Algebraically, the hyperplanes ${\displaystyle L_{A},L_{B}}$ are defined by the vector ${\displaystyle v:=b_{0}-a_{0}}$, and two constants ${\displaystyle c_{A}:=\langle v,a_{0}\rangle <c_{B}:=\langle v,b_{0}\rangle }$, such that ${\displaystyle L_{A}=\{x:\langle v,x\rangle =c_{A}\},L_{B}=\{x:\langle v,x\rangle =c_{B}\}}$. Our claim is that ${\displaystyle \forall a\in A,\langle v,a\rangle \leq c_{A}}$ and ${\displaystyle \forall b\in B,\langle v,b\rangle \geq c_{B}}$.

Suppose there is some ${\displaystyle a\in A}$ such that ${\displaystyle \langle v,a\rangle >c_{A}}$, then let ${\displaystyle a'}$ be the foot of perpendicular from ${\displaystyle b_{0}}$ to the line segment ${\displaystyle [a_{0},a]}$. Since ${\displaystyle A}$ is convex, ${\displaystyle a'}$ is inside ${\displaystyle A}$, and by planar geometry, ${\displaystyle a'}$ is closer to ${\displaystyle b_{0}}$ than ${\displaystyle a_{0}}$, contradiction. Similar argument applies to ${\displaystyle B}$.

Now for the first case.

Approach both ${\displaystyle A,B}$ from the inside by ${\displaystyle A_{1}\subseteq A_{2}\subseteq \cdots \subseteq A}$ and ${\displaystyle B_{1}\subseteq B_{2}\subseteq \cdots \subseteq B}$, such that each ${\displaystyle A_{k},B_{k}}$ is closed and compact, and the unions are the relative interiors ${\displaystyle \mathrm {relint} (A),\mathrm {relint} (B)}$. (See relative interior page for details.)

Now by the second case, for each pair ${\displaystyle A_{k},B_{k}}$ there exists some unit vector ${\displaystyle v_{k}}$ and real number ${\displaystyle c_{k}}$, such that ${\displaystyle \langle v_{k},A_{k}\rangle <c_{k}<\langle v_{k},B_{k}\rangle }$.

Since the unit sphere is compact, we can take a convergent subsequence, so that ${\displaystyle v_{k}\to v}$. Let ${\displaystyle c_{A}:=\sup _{a\in A}\langle v,a\rangle ,c_{B}:=\inf _{b\in B}\langle v,b\rangle }$. We claim that ${\displaystyle c_{A}\leq c_{B}}$, thus separating ${\displaystyle A,B}$.
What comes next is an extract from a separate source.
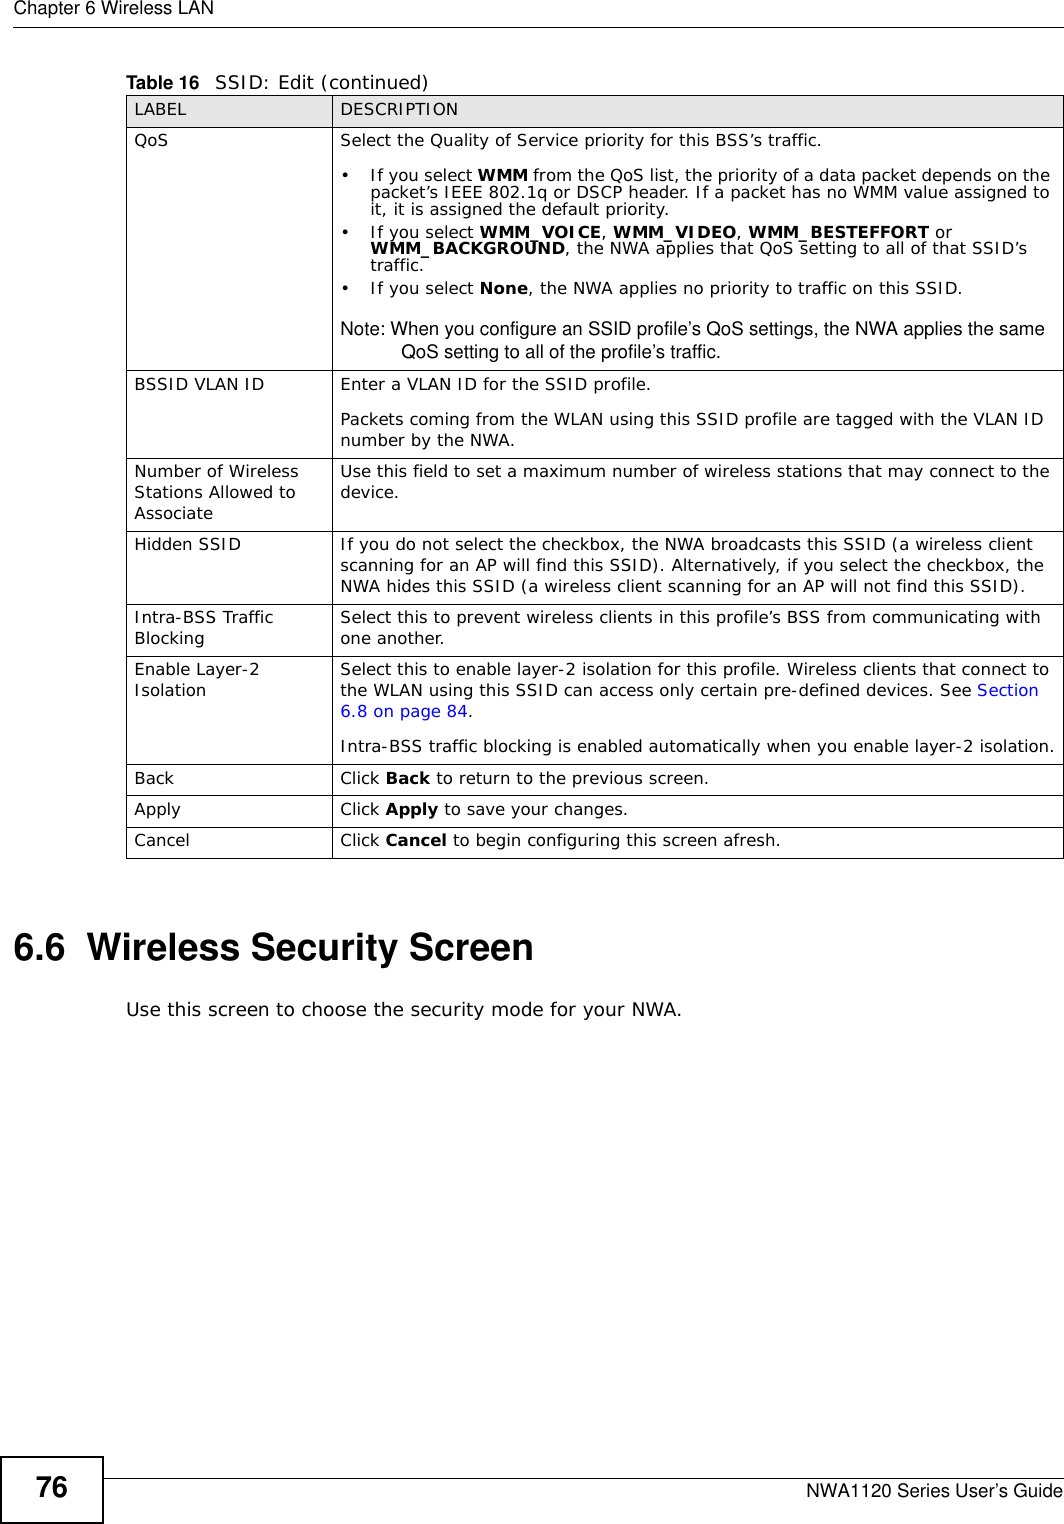 Chapter 6 Wireless LANNWA1120 Series User’s Guide766.6  Wireless Security ScreenUse this screen to choose the security mode for your NWA. QoS Select the Quality of Service priority for this BSS’s traffic. • If you select WMM from the QoS list, the priority of a data packet depends on the packet’s IEEE 802.1q or DSCP header. If a packet has no WMM value assigned to it, it is assigned the default priority.•If you select WMM_VOICE, WMM_VIDEO, WMM_BESTEFFORT or WMM_BACKGROUND, the NWA applies that QoS setting to all of that SSID’s traffic. •If you select None, the NWA applies no priority to traffic on this SSID. Note: When you configure an SSID profile’s QoS settings, the NWA applies the same QoS setting to all of the profile’s traffic.BSSID VLAN ID Enter a VLAN ID for the SSID profile.Packets coming from the WLAN using this SSID profile are tagged with the VLAN ID number by the NWA. Number of Wireless Stations Allowed to AssociateUse this field to set a maximum number of wireless stations that may connect to the device.Hidden SSID If you do not select the checkbox, the NWA broadcasts this SSID (a wireless client scanning for an AP will find this SSID). Alternatively, if you select the checkbox, the NWA hides this SSID (a wireless client scanning for an AP will not find this SSID).Intra-BSS Traffic Blocking Select this to prevent wireless clients in this profile’s BSS from communicating with one another.Enable Layer-2 Isolation  Select this to enable layer-2 isolation for this profile. Wireless clients that connect to the WLAN using this SSID can access only certain pre-defined devices. See Section 6.8 on page 84.Intra-BSS traffic blocking is enabled automatically when you enable layer-2 isolation.Back Click Back to return to the previous screen.Apply Click Apply to save your changes.Cancel Click Cancel to begin configuring this screen afresh.Table 16   SSID: Edit (continued)LABEL DESCRIPTION

Assume not, then there exists some ${\displaystyle a\in A,b\in B}$ such that ${\displaystyle \langle v,a\rangle >\langle v,b\rangle }$, then since ${\displaystyle v_{k}\to v}$, for large enough ${\displaystyle k}$, we have ${\displaystyle \langle v_{k},a\rangle >\langle v_{k},b\rangle }$, contradiction.

If the affine span of ${\displaystyle A}$ is not all of ${\displaystyle \mathbb {R} ^{n}}$, then extend the affine span to a supporting hyperplane. Else, ${\displaystyle \mathrm {relint} (A)=\mathrm {int} (A)}$ is disjoint from ${\displaystyle \mathrm {relint} (\{a_{0}\})=\{a_{0}\}}$, so apply the above theorem.